With respect to neck injury, the neck injury criteria NIC (Boström et al. 1996), N_ij (Klinich et al. 1996; Kleinberger et al. 1998), and N_km (Schmitt 2001; Schmitt et al. 2002a) are often used. While N_ij was designed to detect severe neck injuries in frontal impact, the other two were developed with regard to soft tissue neck injuries in rear-end impacts. Work by Kullgren et al. (2003), Muser et al. (2003) and Davidsson and Kullgren (2011) show that NIC and N_km correlate well with the risk of AIS1 neck injury sustained in rear-end collisions.

Consequently, these criteria are also included in the recently introduced “whiplash” related seat test procedures by Euro NCAP (see Sect.​ 2.​6). Although the biomechanical foundation of this Euro NCAP assessment scheme is weak in several aspects (e.g.

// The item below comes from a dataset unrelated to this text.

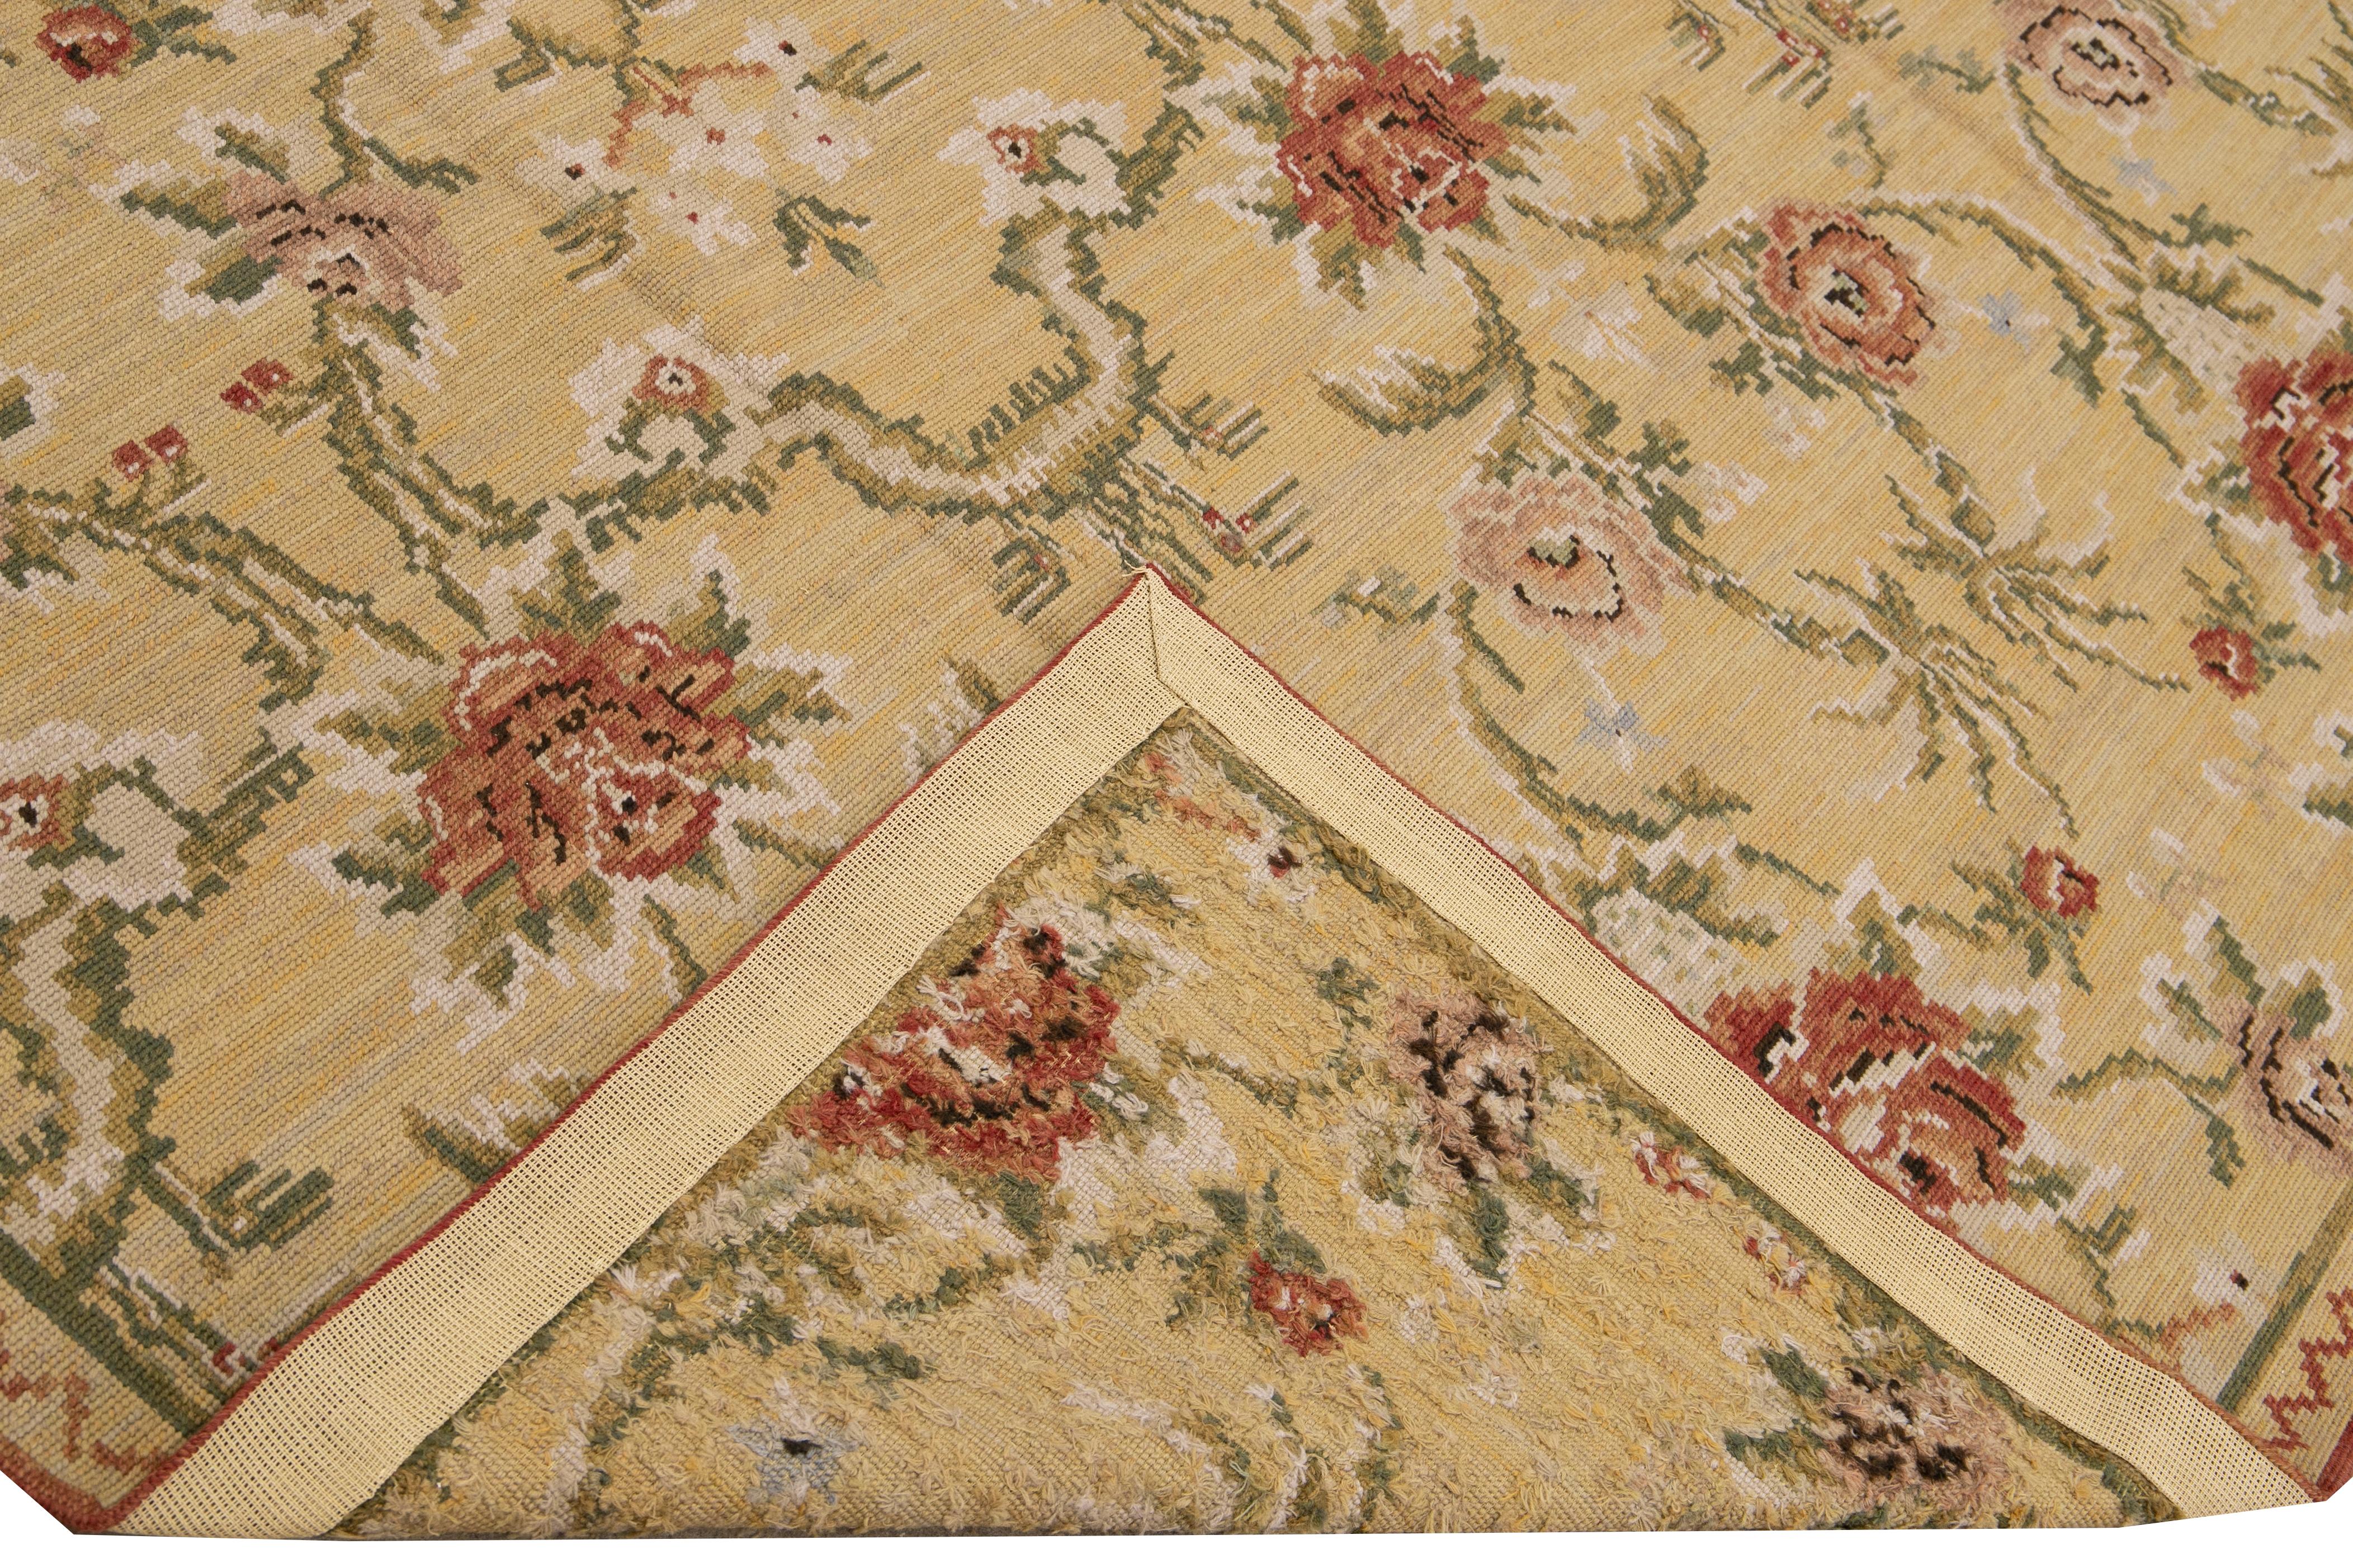 Magnifique tapis en laine aiguilleté de style français vintage avec un champ beige. Cette pièce a des accents verts, roses, roses et ivoires dans un magnifique motif floral. 

Ce tapis mesure 7'10

Bortenschlager et al. 2007; Farmer et al. 2008; Schmitt and Muser 2009), a correlation between such consumer tests and real-life outcome is not necessarily excluded; Kullgren et al. (2010) did in fact find a good correlation between Euro NCAP results and real-world crash and injury ratings. Further studies have also shown that cars fitted with more advanced whiplash protection systems performed better in dynamic testing and had a lower injury risk in real-life (e.g. Kullgren et al. 2007; Farmer et al. 2008).